Each tool call is recorded via recordToolCall(name, isError). At session end, flushUsage() (async) or flushUsageSync() (signal handler path) merges session counts into the persistent store at ~/.flight/usage/<serverKey>.json. Both paths delegate to the pure mergeSessionUsage() function for the actual merge logic.

Token Savings Estimation

Estimated via character count divided by 4: savedTokens = ceil(len(JSON(originalSchemas)) / 4) - ceil(len(JSON(responseSchemas)) / 4)

Logged per-entry in the schema_tokens_saved field when PD rewrites occur.

4. TypeScript SDK

The TypeScript SDK (src/sdk.ts) provides createFlightClient() — a programmatic API for agents to log events without a proxy.
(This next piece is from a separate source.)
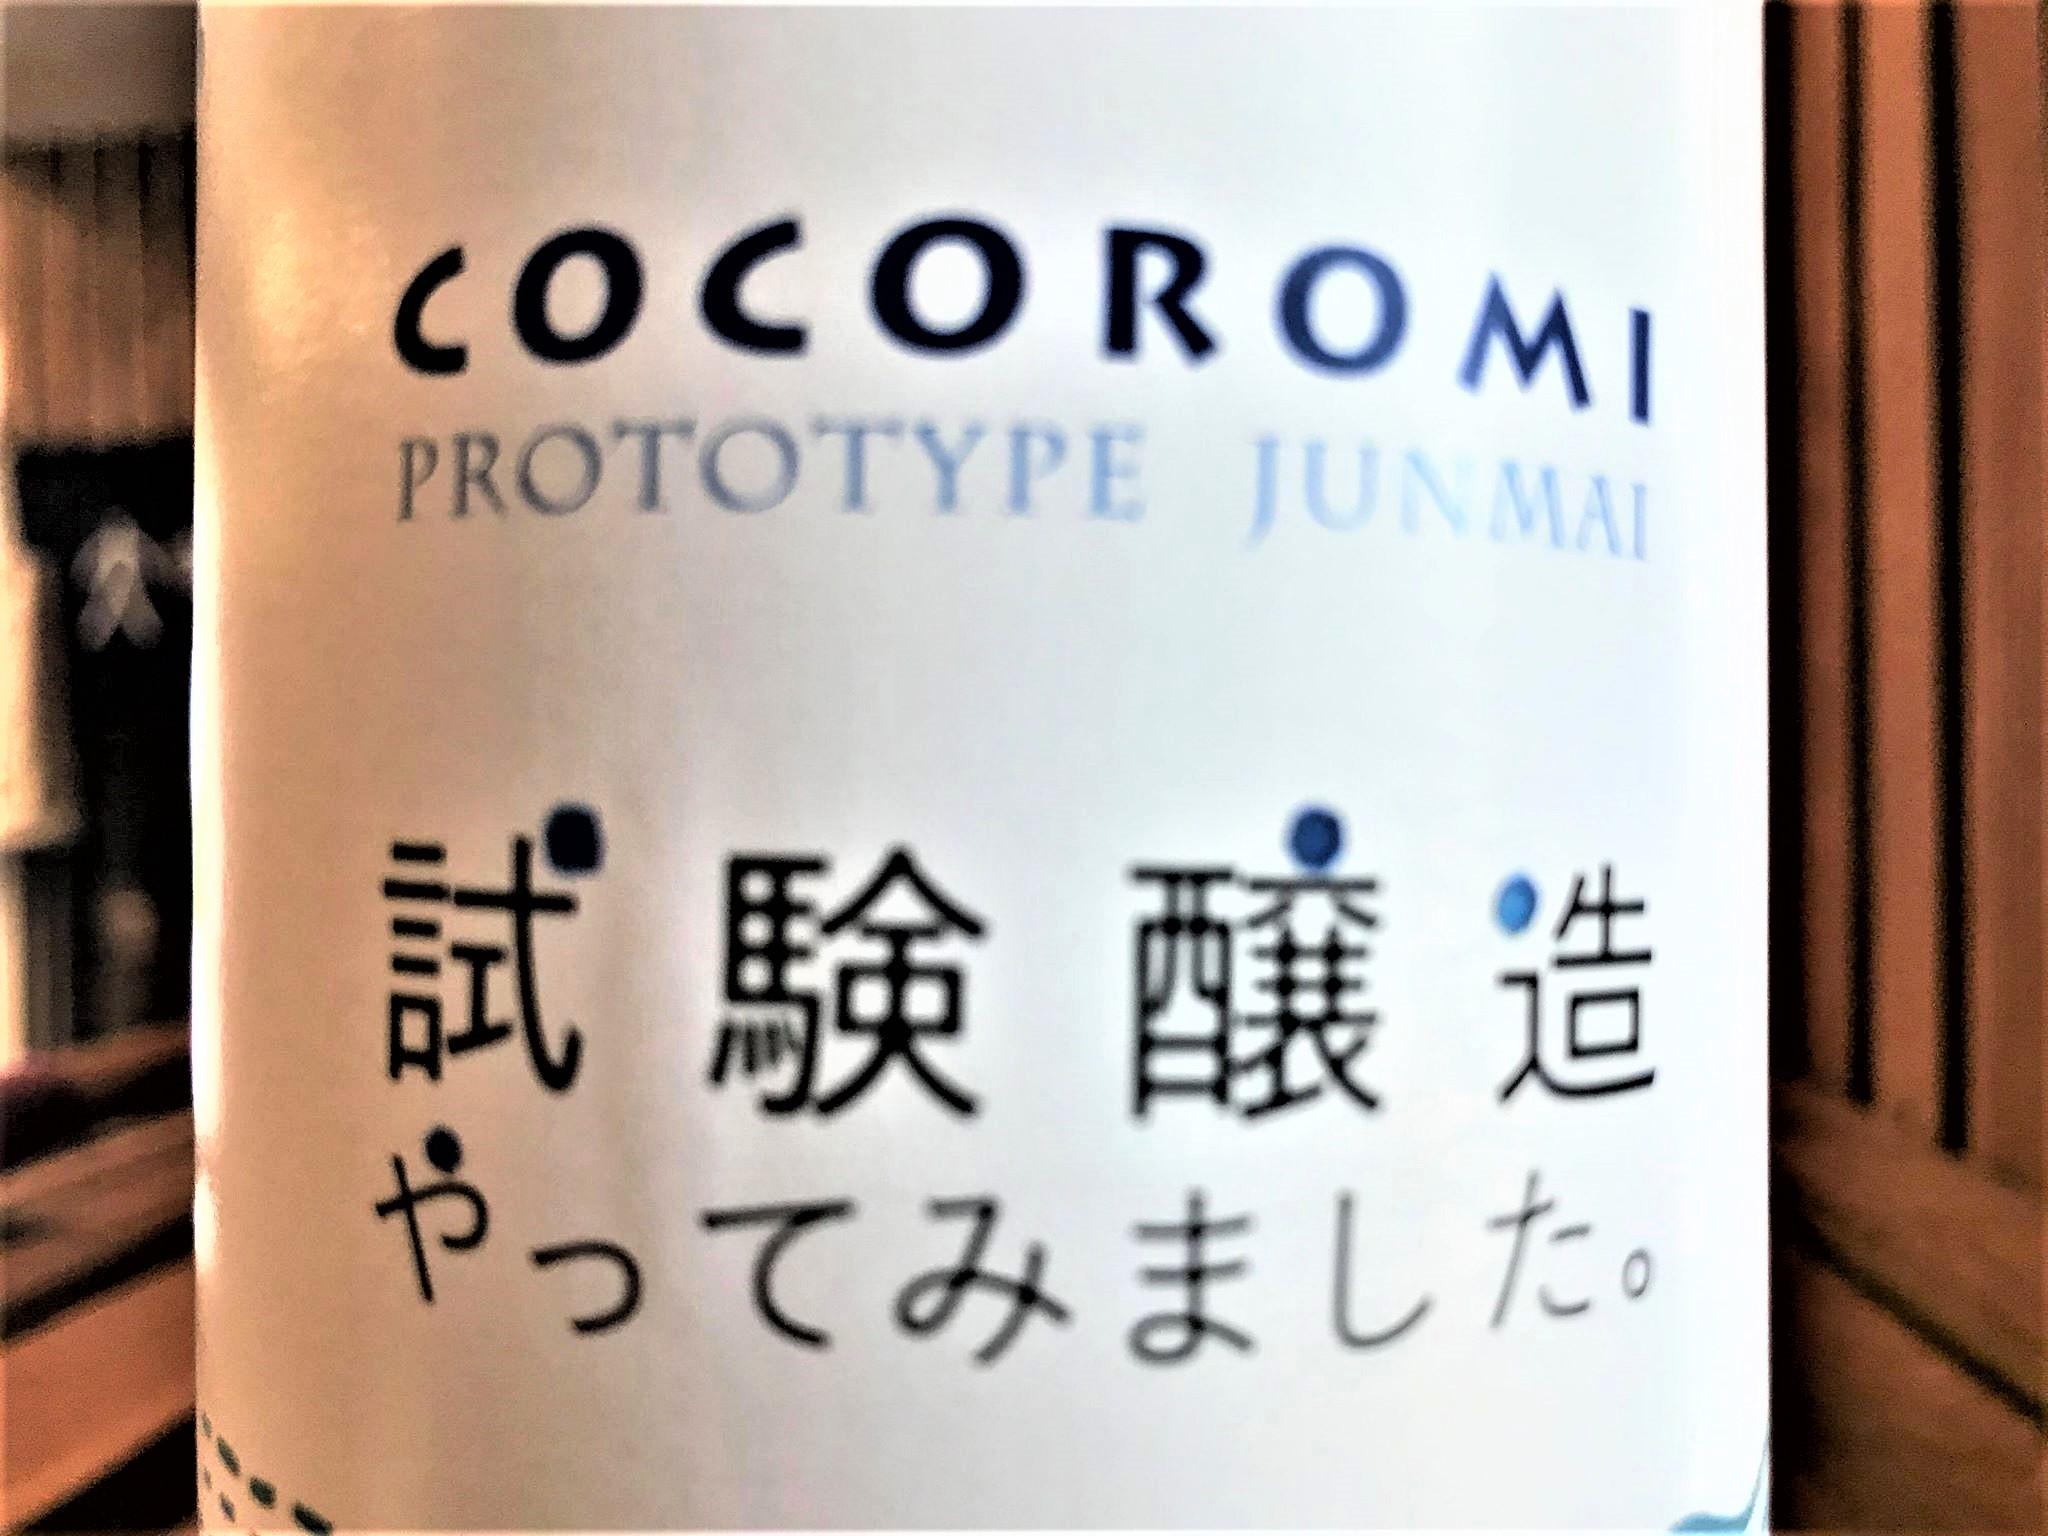 【日本酒】福司⭐番外編『COCOROMI』特別純米酒 きたしずく仕込み 厳選特約店限定SPver 令和1BY🆕_e0173738_9133839.jpg
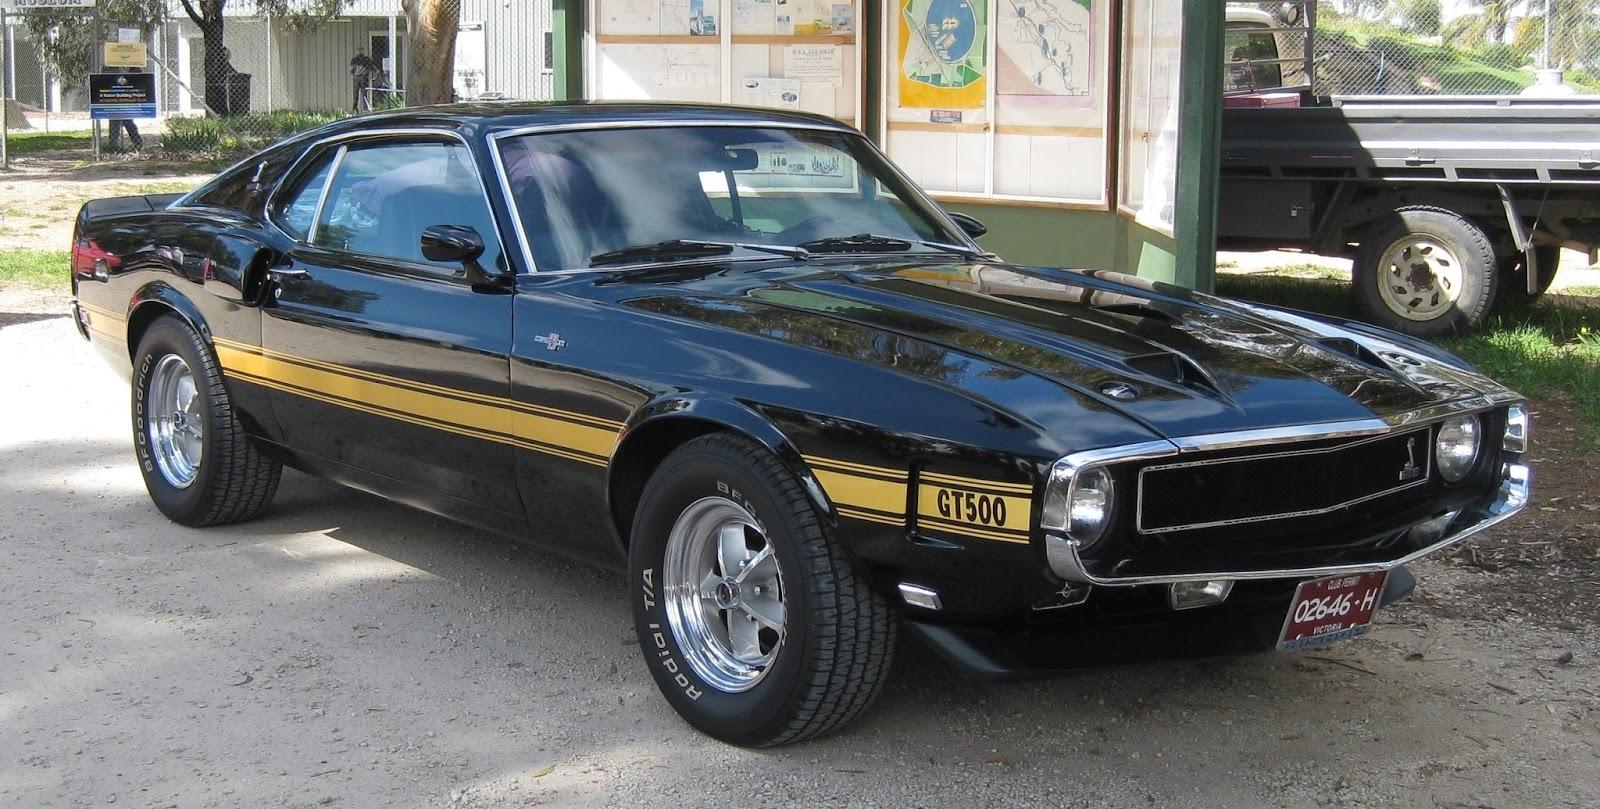 Kuda besi yang diproduksi ford motor company antara tahun 1969 1970 ini menjadi bintang pada eranya karena jenis sedan ford mustang ini diminati untuk arena

It wraps the existing createSessionLogger infrastructure, constructing synthetic JSON-RPC messages internally to reuse the write queue and file management.

createFlightClient(options)
    │
    ├── createSessionLogger(options)  ← reuses existing logger
    │       │
    │       └── write queue → appendFile → <session>.jsonl
    │
    ├── logToolCall(name, input, output, error)
    │       → 2 entries: tool_call (request) + tool_result (response)
    │
    ├── logAction(action, outcome, metadata)
    │       → 1 entry: agent_action
    │
    ├── logEvaluation(score, labels)
    │       → 1 entry: evaluation
    │
    └── close() / closeSync()

All entries are stamped with run_id, agent_id, and model_config if provided at client creation.

5. HTTP Collector

The HTTP collector (src/collector.ts) runs as flight serve and accepts log entries over HTTP, enabling language-agnostic ingestion.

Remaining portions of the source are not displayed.